If B or C make any major PVP bump, then there is no easy update by definition.
There are only easy updates if there are no breaking changes (or if libraries maintain multiple branches indefinitely, which no one does). So if B and C release new minor versions and B gets tighter constraints on C but still within the same major version… then it’s more or less invisible to A if they have ^>= bounds.
This is the same with GHC. The only way for a new GHC to be an easy update is if there are no breaking changes or if there is a way to opt out of breaking changes (e.g. language editions and decoupled base).
and consumers never use the constructor directly, but instead use defaultOptions and then override fields with record syntax. Then, if we add a new field, that’s a PVP major bump but (good) consumers don’t need to upgrade their code at all, except by bumping version bounds.

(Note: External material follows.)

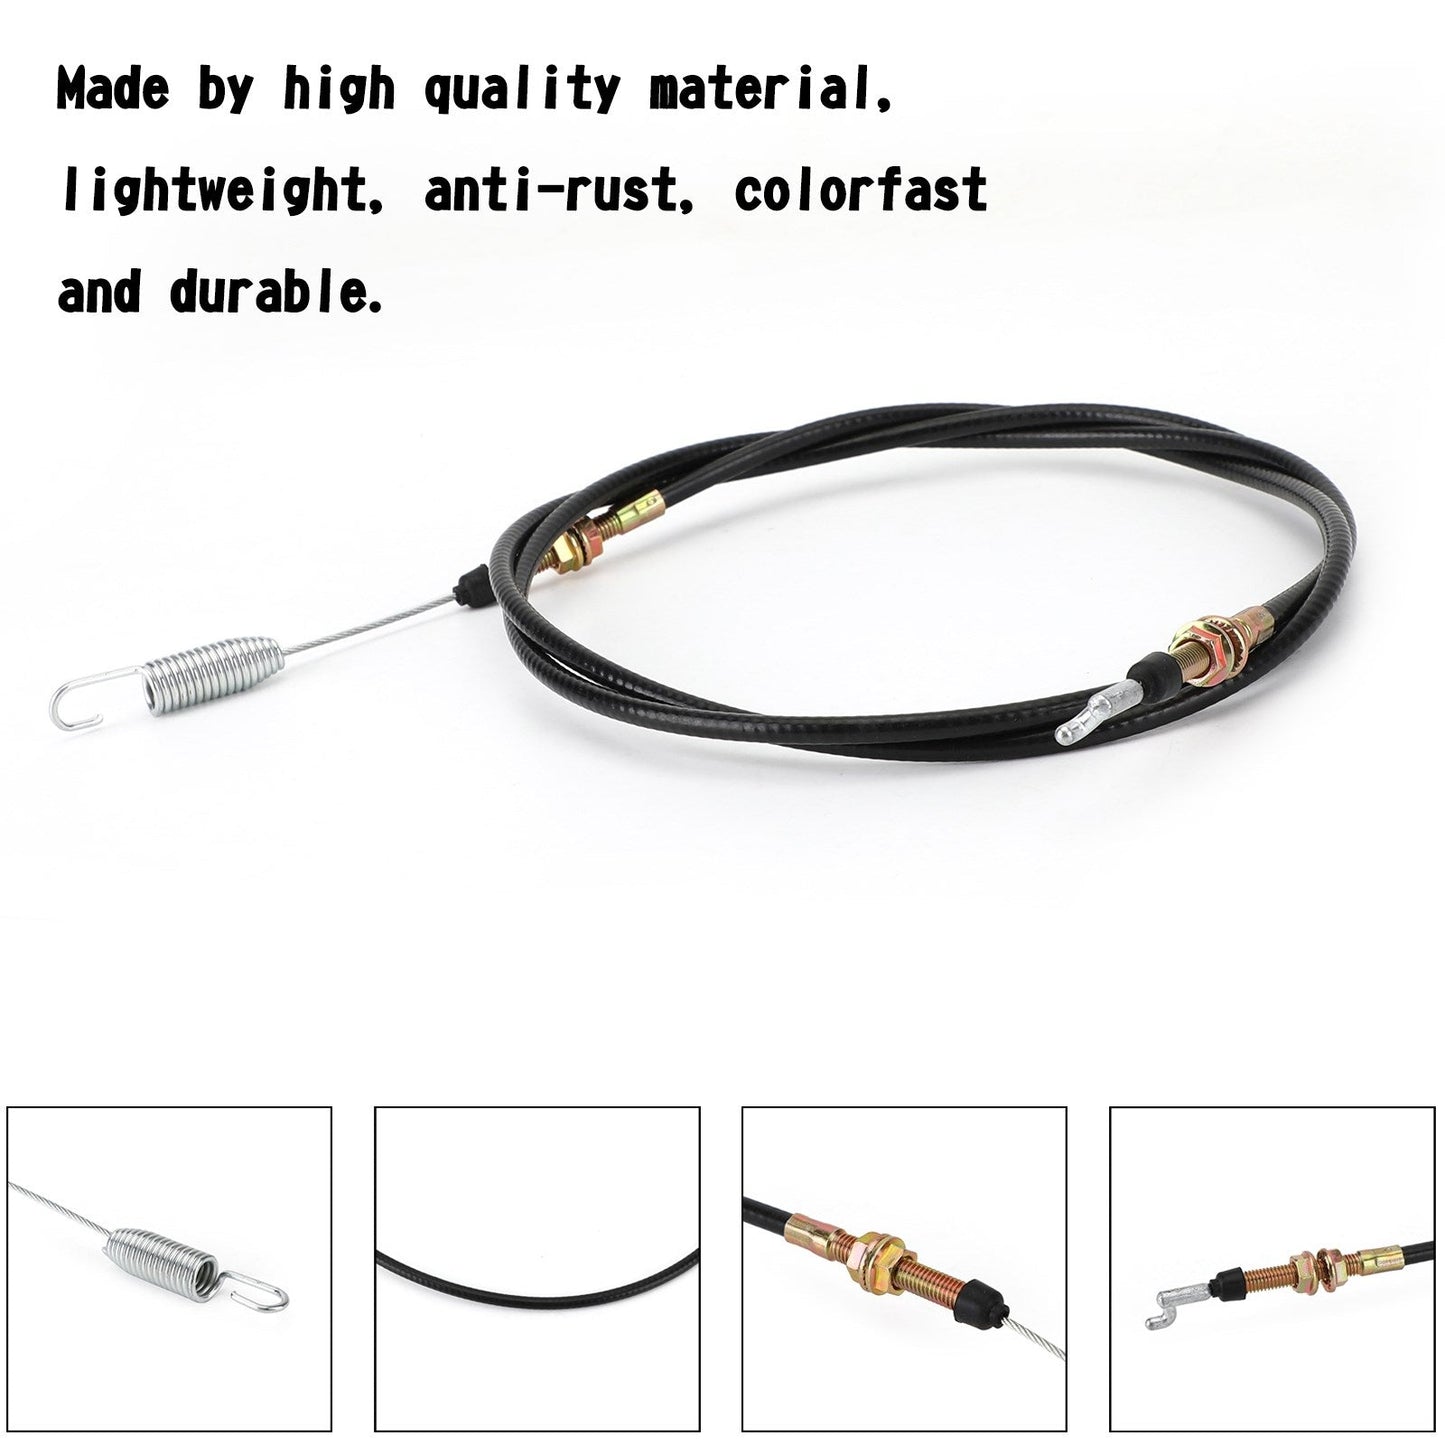 1Pcs Shifter Cable 2-11082 For Chuck Wagon Trail Wagon Land Master LM400 LM650
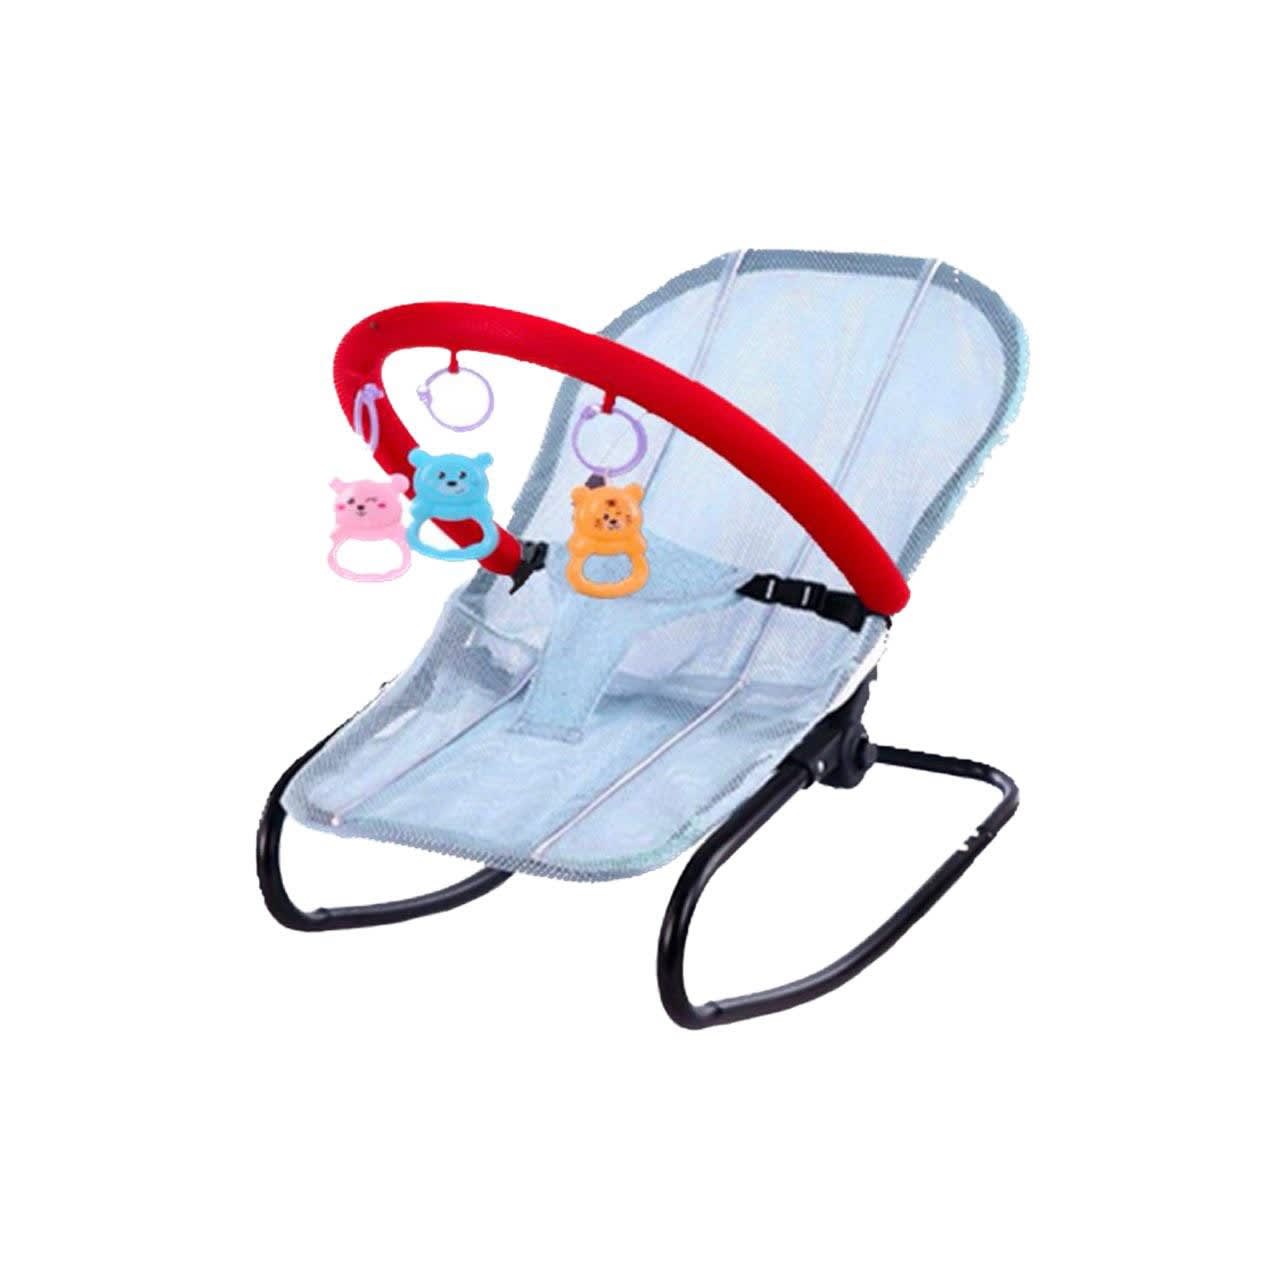 JOI Baby Bouncer Chair

We could say that version bumping is itself not easy. But I think the point is that we could put effort into improving the tooling around these things to make them much easier. The labour involved will never be zero but it could be much lower than it is now.
The way I see it these are two complimentary concerns. As an ecosystem, we want to keep breaking changes to a minimum, since that reduces the amount of maintenance labour required. But we also want to take steps to improve our tooling/idioms so that when breaking changes do happen the effort required to respond is minimal.
Side note: I know of no “definition” of “easy update” so this is not much of an argument to me.
Nevertheless you are right with everything you say and that was exactly my point. If updates are easy (and the primary way to achieve that is to have no major pvp bump) tight coupling between B and C and therefor a lack of backward compatibility in B is no problem.
My unimportant side point was this: If I really want the newest version of B it does not matter to me if B has large breaking changes, I might be willing to just bite the bullet to use the newer better API. If however B is tightly coupled to C, C has breaking changes and my other dependency D is not compatible with newest C then I am suddenly in a world of pain where I need to write patches for dependencies and the lack of backwards compatibility of B bites me.